**Dataset section**.
*-*-*

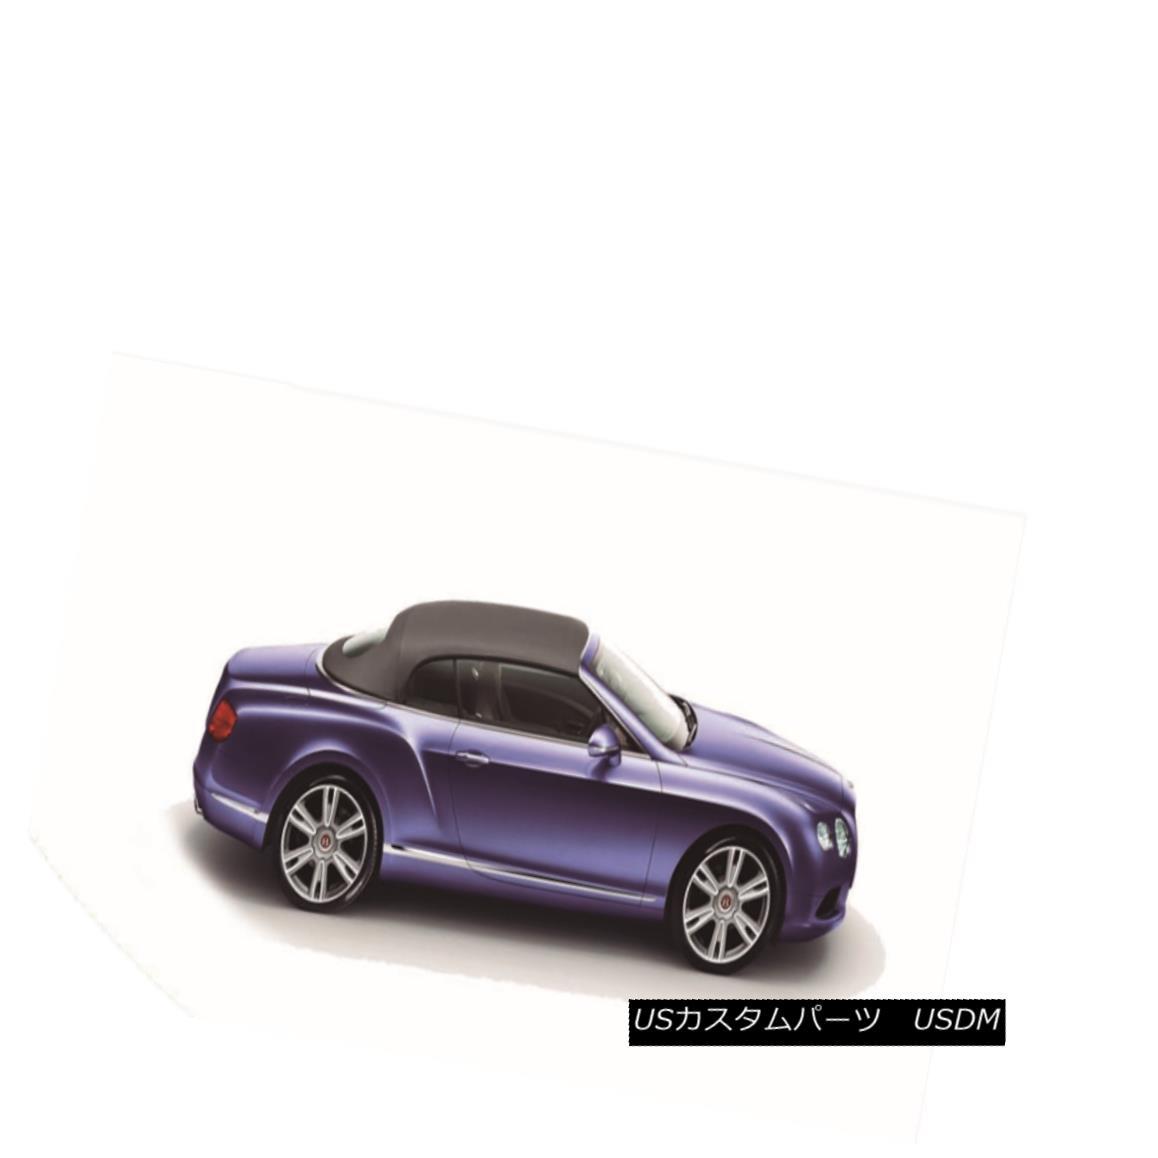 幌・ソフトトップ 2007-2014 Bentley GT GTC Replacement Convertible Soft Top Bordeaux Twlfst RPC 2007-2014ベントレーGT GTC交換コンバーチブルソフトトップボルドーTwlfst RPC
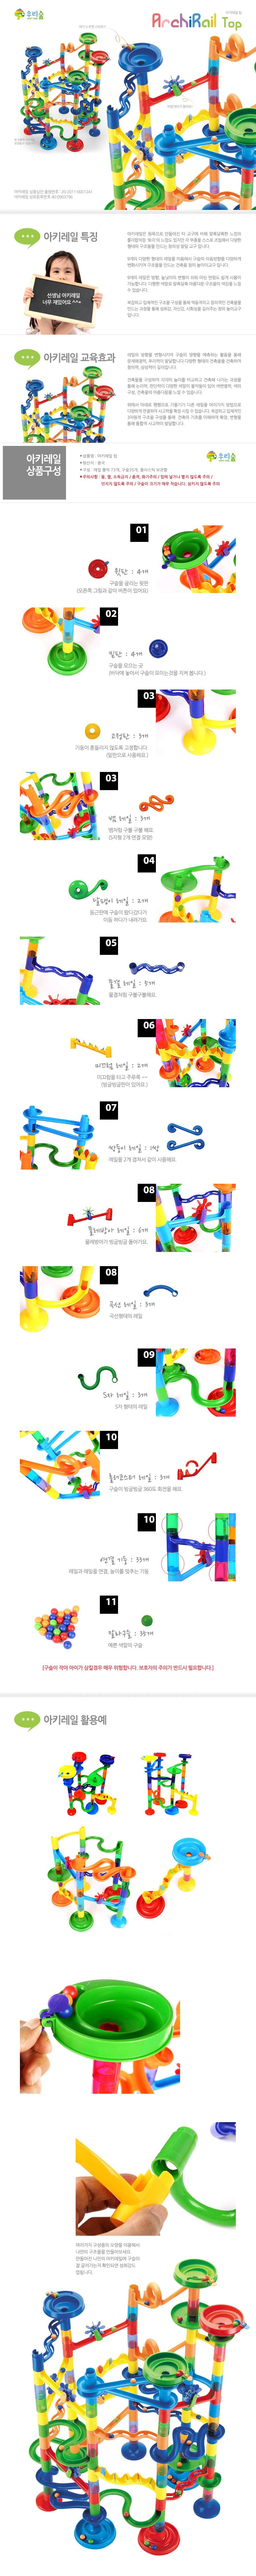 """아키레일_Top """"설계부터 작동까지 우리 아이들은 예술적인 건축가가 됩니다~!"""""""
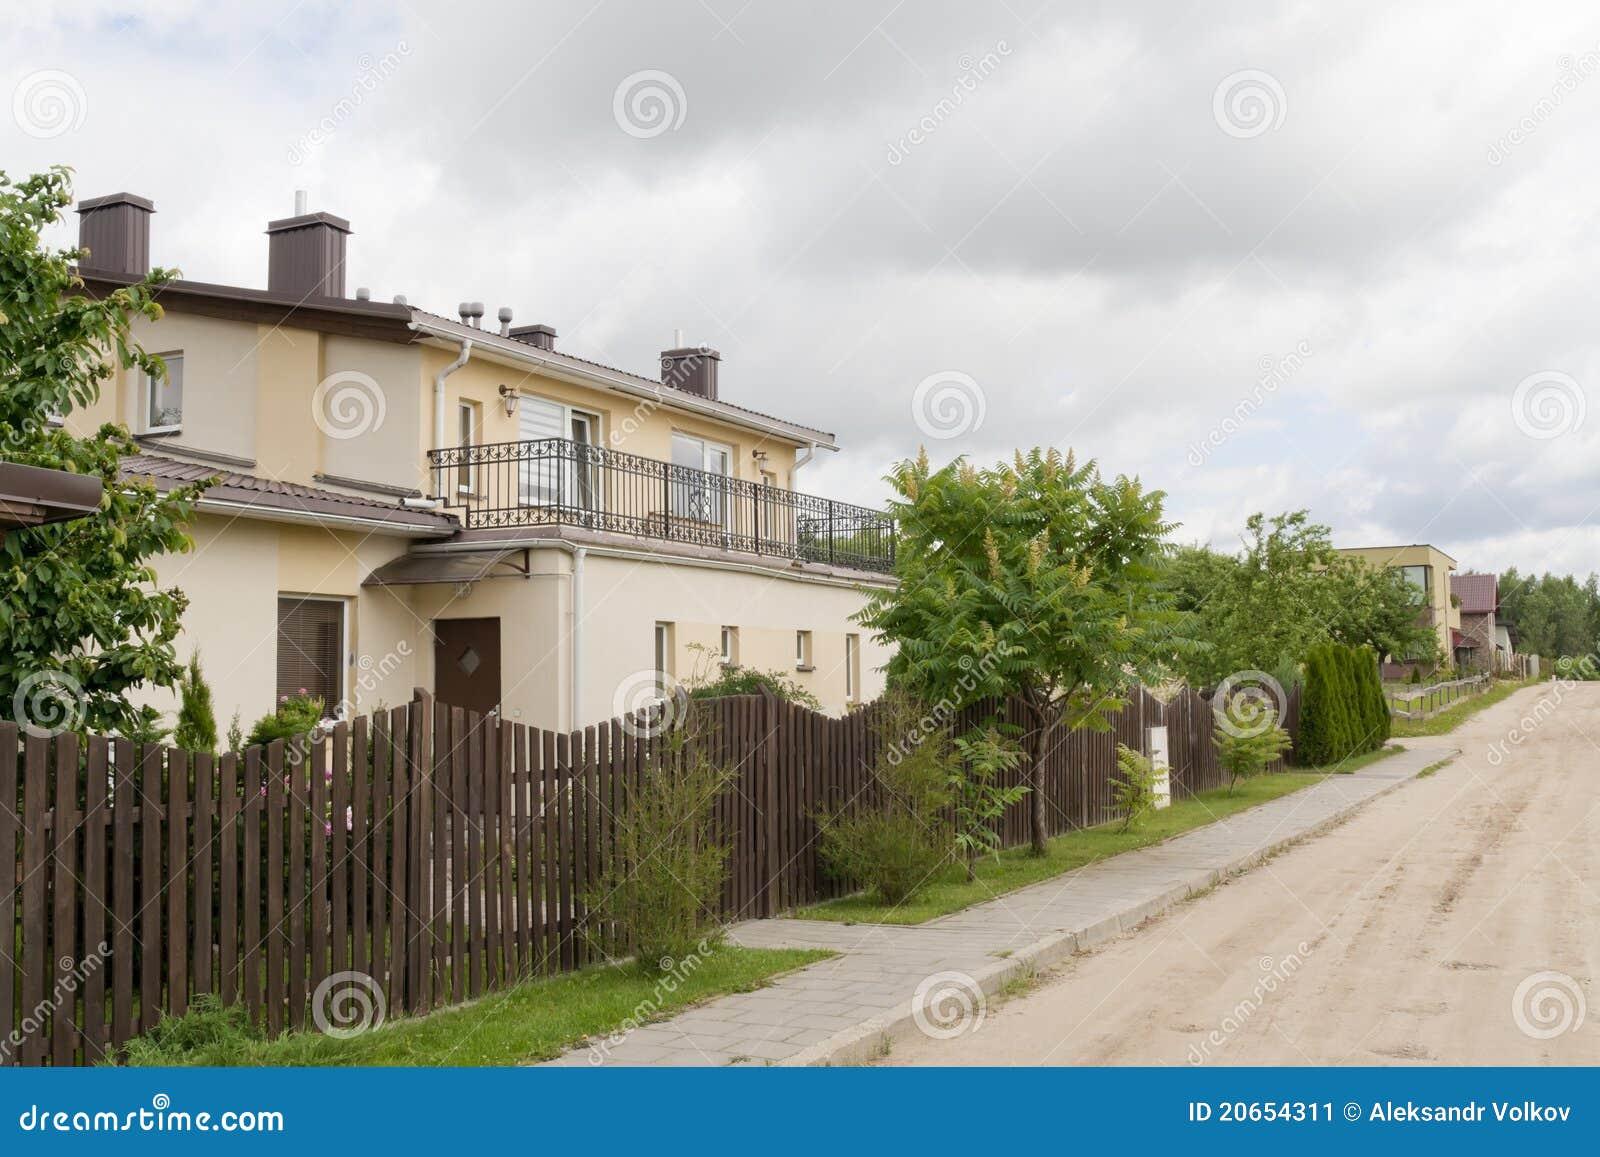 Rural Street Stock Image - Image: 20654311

*-*-*

**Aim of the exercise**. Please write out every line of the listing above exactly, and leave the images behind.

**Solution below**.
 幌・ソフトトップ 2007-2014 Bentley GT GTC Replacement Convertible Soft Top Bordeaux Twlfst RPC 2007-2014ベントレーGT GTC交換コンバーチブルソフトトップボルドーTwlfst RPC
 """아키레일_Top """"설계부터 작동까지 우리 아이들은 예술적인 건축가가 됩니다~!"""""""
 Rural Street Stock Image - Image: 20654311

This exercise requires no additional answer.